I cut my fall garden back considerably this year due to lack of rain...but what's there is doing good....cabbage, broc, brussels, turnips, and now onions. Hope to have some broc. for Thanksgiving dinner. 

A jack frost this morning...all pastures white.


----------



## w_r_ranch (Jan 14, 2005)

Post up some pictures guys, I always enjoy seeing what others are doing!!! Yes, it is lonely out here sometimes!!!


----------



## Farmer Jim (May 21, 2004)

Really looks good Col., especially that lettuce. Lettuce was always one of my favorites. I used to grow it in both the spring and fall. After eating fresh garden-grown lettuce, everything they sell in the store tastes like cardboard.


----------



## hippyfisher (Mar 24, 2009)

Here's mine. A little too close together i know, but i always do that and it seems to come out ok. My garden is only 10' x 3'.


----------



## Dick Hanks (Aug 16, 2007)

Hippyfisher.... Looks great for the space that you have.

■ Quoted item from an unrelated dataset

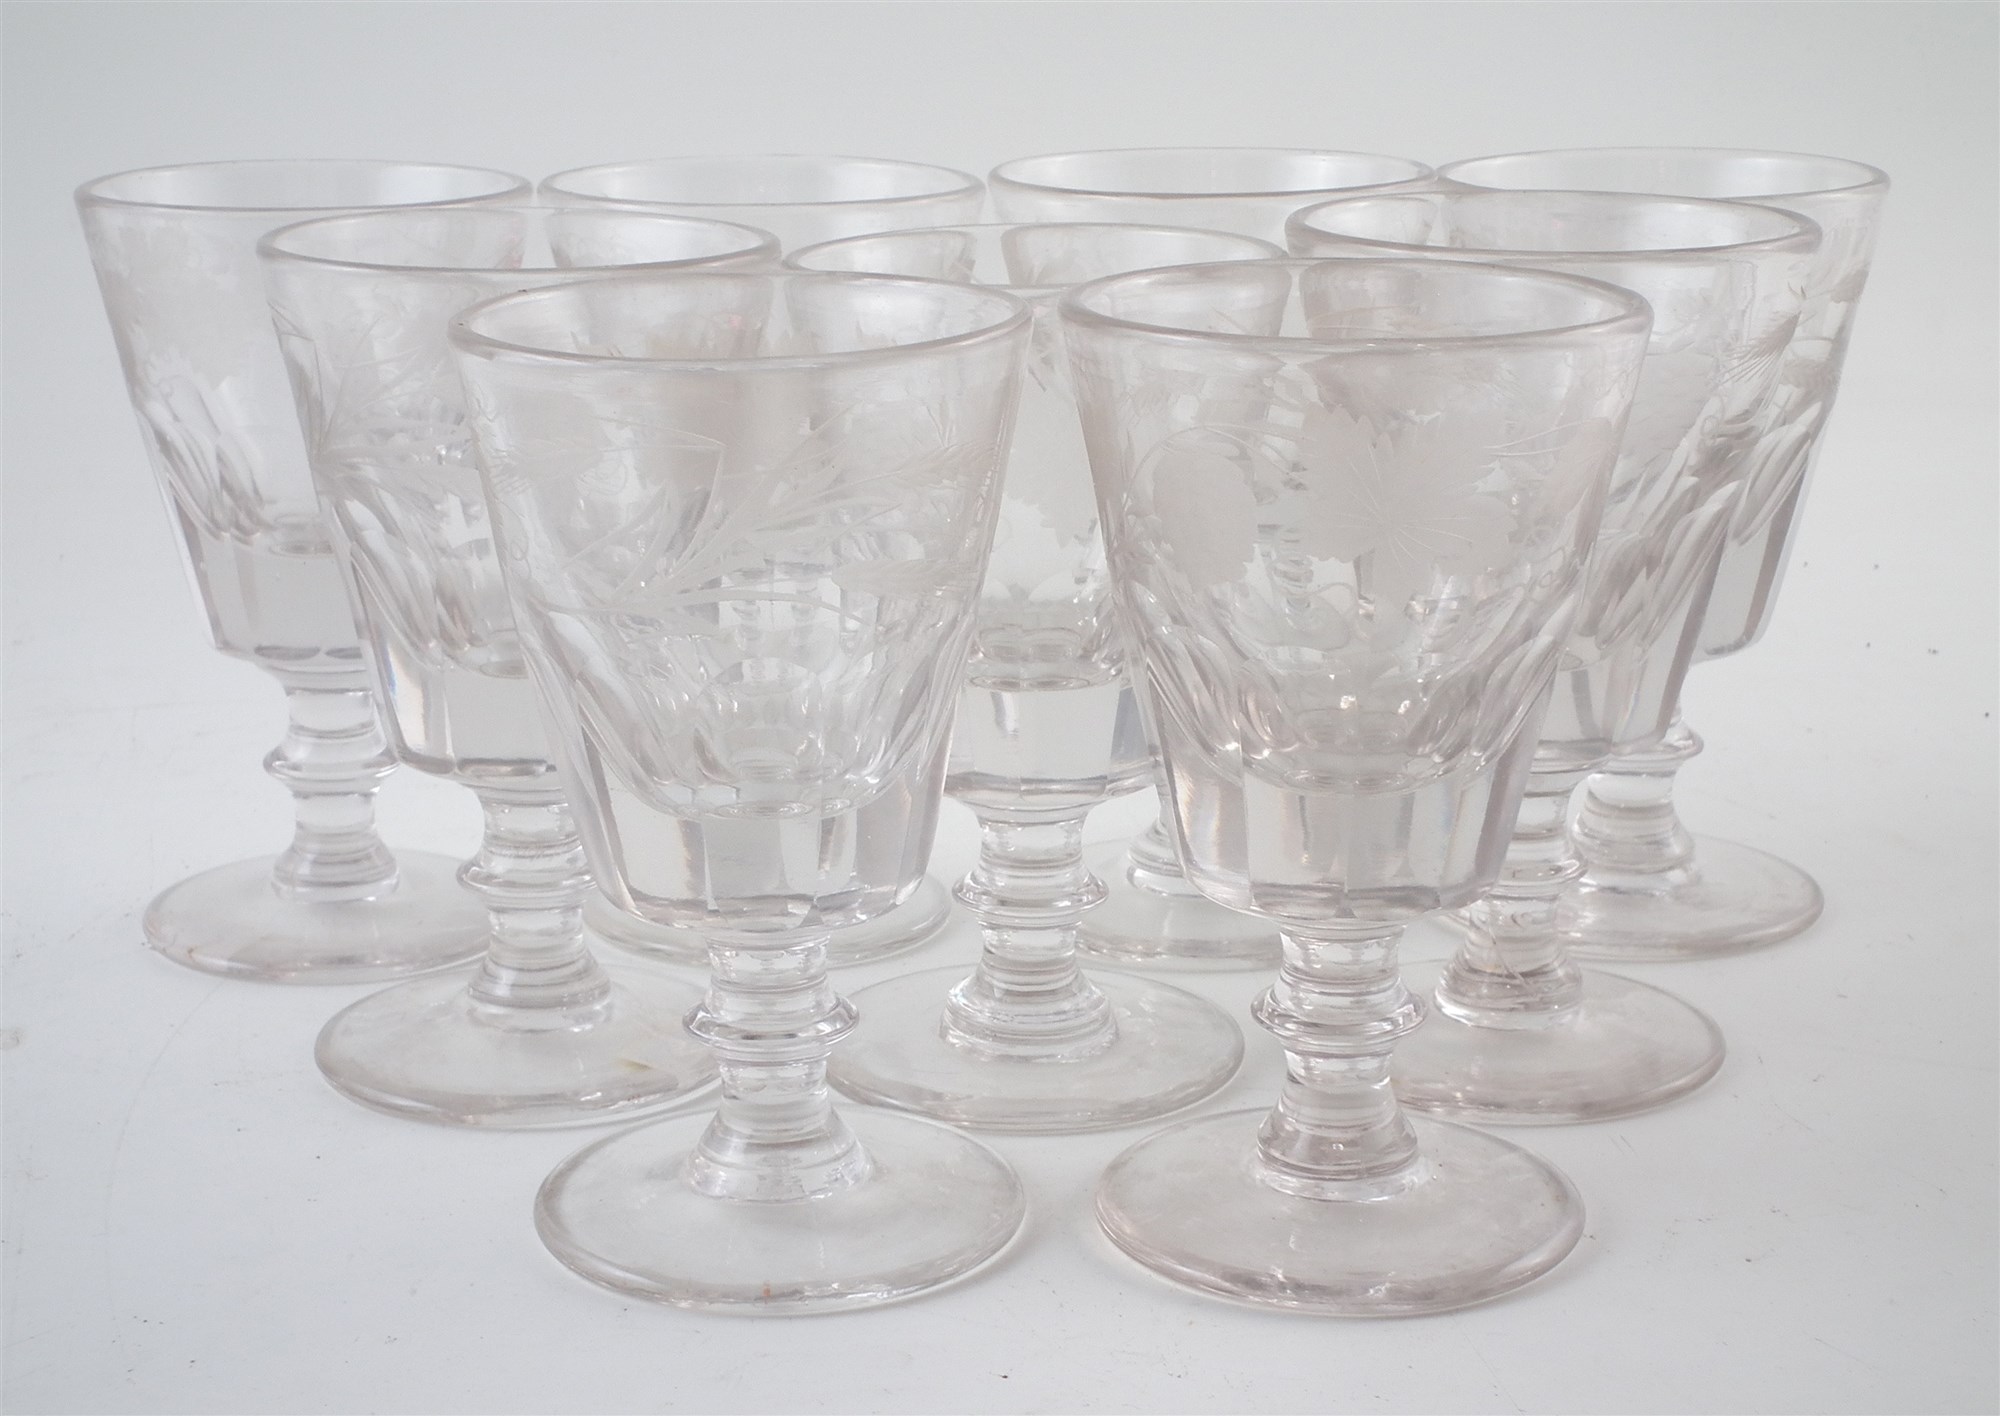 Nine mid 19th century ale glasses , the bowls engraved with hops, leaves and barley, 12.5cm high For - Image 4 of 4

What kind of peppers are in the fore ground?


----------



## wet dreams (May 21, 2004)

Dick Hanks said:


> Hippyfisher.... Looks great for the space that you have.
> 
> What kind of peppers are in the fore ground?


Tabasco...


----------



## hippyfisher (Mar 24, 2009)

wet dreams said:


> Tabasco...


I think your right. I wasnt really sure myself. They git plenty-o-heat though...


----------



## WilliamH (May 21, 2004)

I planted a cover crop of red clover. I'll till it under in February. 

Only the Habanaro plant is still going.


----------